Dear Paul Scully.
Today I read an article in the Guardian that informed me that Parliament had passed a law that would allow them to indefinitely detain a refugee if their visa application had been rejected, but it was too unsafe for them to return to their home country as they would face persecution, or worse. I am writing to you to convey my deepest disappointment in our government.

I find Australia’s stance on asylum seekers abhorrent. We are the only country in the world that has mandatory detention for all adults and children during the process of their visa application. Article 14 of the Universal Declaration of Human Rights states that, “everyone has the right to seek and to enjoy in other countries asylum from persecution.” However, the Australian government has labelled those that come to our country as ‘unlawful non-citizens’. The prime minister himself, when he was the Immigration Minister, famously stated in an orientation video that was played on Manus Island and Nauru in 2014 that asylum seekers would never be resettled in Australia and should consider returning home. “If you choose not to go home then you will spend a very, very long time here and so I urge you to think carefully about that decision and make a decision to get on with the rest of your life.”

Instead of amending our practices, we quietly introduce new laws. Indefinite detention being made legal, contravening international law, is a direct response to a federal court case the government lost, with the court deciding that immigration detention must be for a purpose. AJL20 was a child refugee fromSyria whose visa canceled on character grounds because of criminal convictions as a teenager, and he was detained by the government. He could not be returned to Syria as he faced persecution there, so he faced potentially limitless detention. The court ruled his detention unlawful and ordered him released.

A prosecutor of the International Criminal Court described the duration, the extent and the conditions of detention as a crime against humanity. We are a signatory of the 1988 Rome Statute. But we are also a country that supposedly prides itself on being moral and just. PM Scott Morrison recently spoke of how God called him to lead our country. As a Christian myself, I wish to ask him why he has forgotten Mark 12:30-31. Jesus has been asked which commandment is greatest. He replies, “You shall love the Lord your God with all your heart and with all your soul and with all your mind and with all your strength. The second is this: you shall love your neighbour as yourself. There is no commandment greater than these.”

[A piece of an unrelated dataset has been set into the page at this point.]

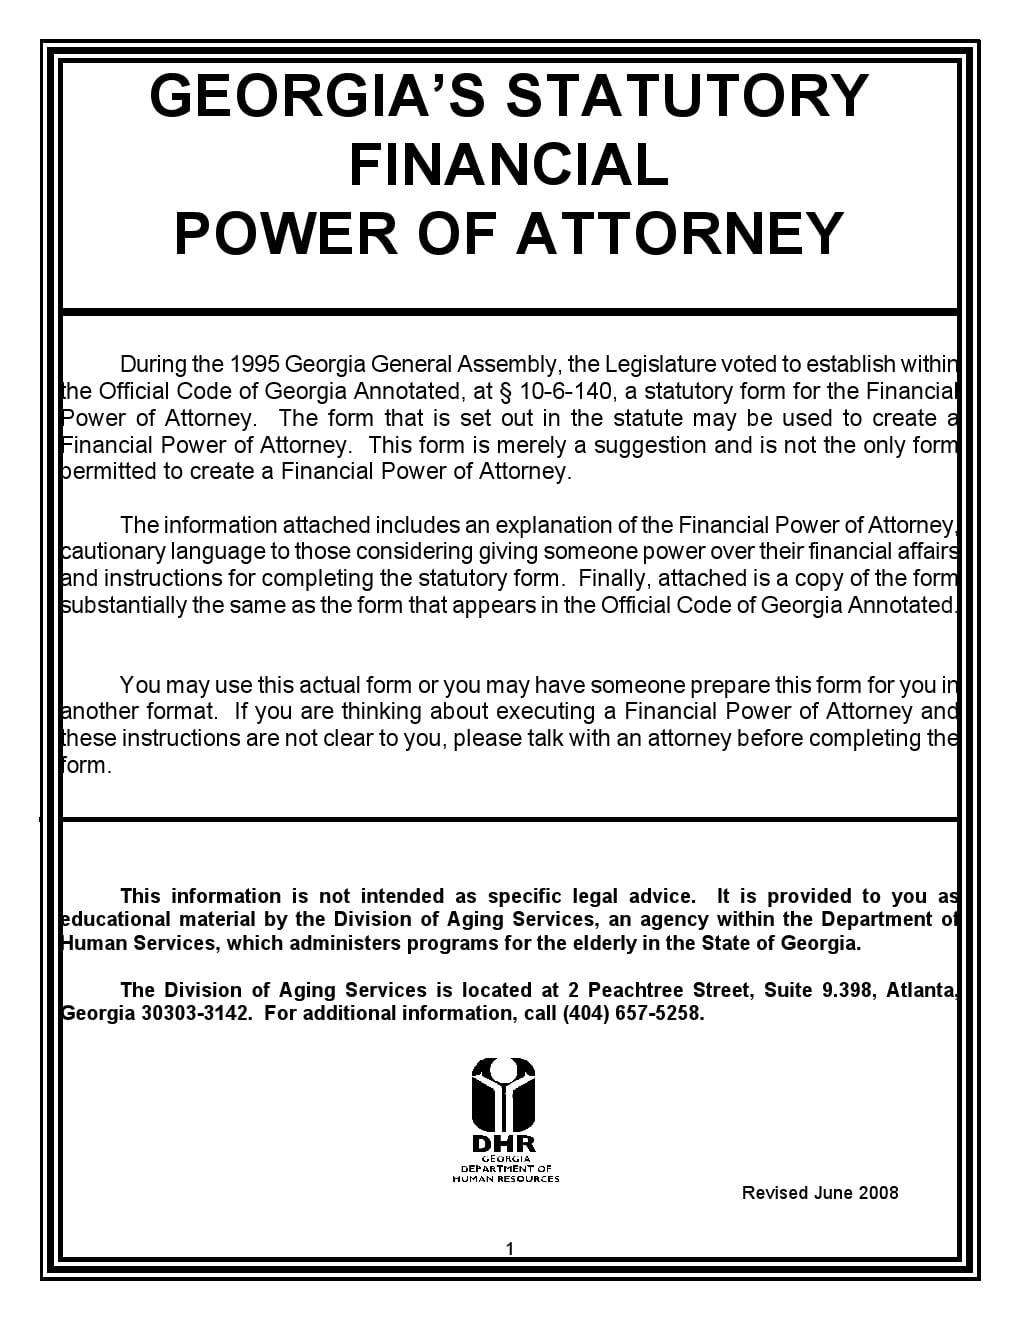 Statutory Fiancial Power of Attorney Georgia

As ratifiers of the Rome Statute, as a country part of a global community, as people who are supposed to be led by morals and ethics, as Christians, we should be committed to helping those who seek help. We are one of the richest countries in the world and yet we spurn those who are willing to risk their lives to come toour shores in search of a better life.

But instead we pass acts such as the Australian Border Force Act (2015). The ABF makes it an offence to disclose “documents and information about the provision of services to persons who are not Australian citizens.” The law effectively prevents employees from recording or disclosing instances of ill-treatment or abuse witnessed in detention centres. Julian Burnside called it a law that makes it “a criminaloffence to report a criminal offence.” Organisations working in detention centres are also asked to sign a ‘performance security’ clause as part of their contracts. This clause involves the payment of a bond – in the case of human rights organisation Save the Children, this bond was $2 million – that is relinquished if the terms of the contract are contravened. One example of contravening is speaking to the media without the governments approval. Save the Children chose not to sign the clause and their contract was not renewed.

I stated at the beginning of this email that I was disappointed in our government. But that doesn’t seem to encompass it. I’m furious with them. The profound shame that I have to feel as an Australian, with a government that passes these laws and treats asylum seekers in a way that has been condemned as a crime against humanity, and all in my name, fills me with contempt for our leaders. Christopher Rau, brother of Cornelia Rau, stated that, “There are atrocities being committed in our names. We are not stupid as a society. So when we elect governments we must – by our indifference – be complicit in the bullying and ill-treatment of others, as long as we can stick our heads in the sand.” But I refuse to stick my head in the sand. As a voter, and a citizen of this country, I have a duty to be aware of what is being done in my name. And I am disgusted by it.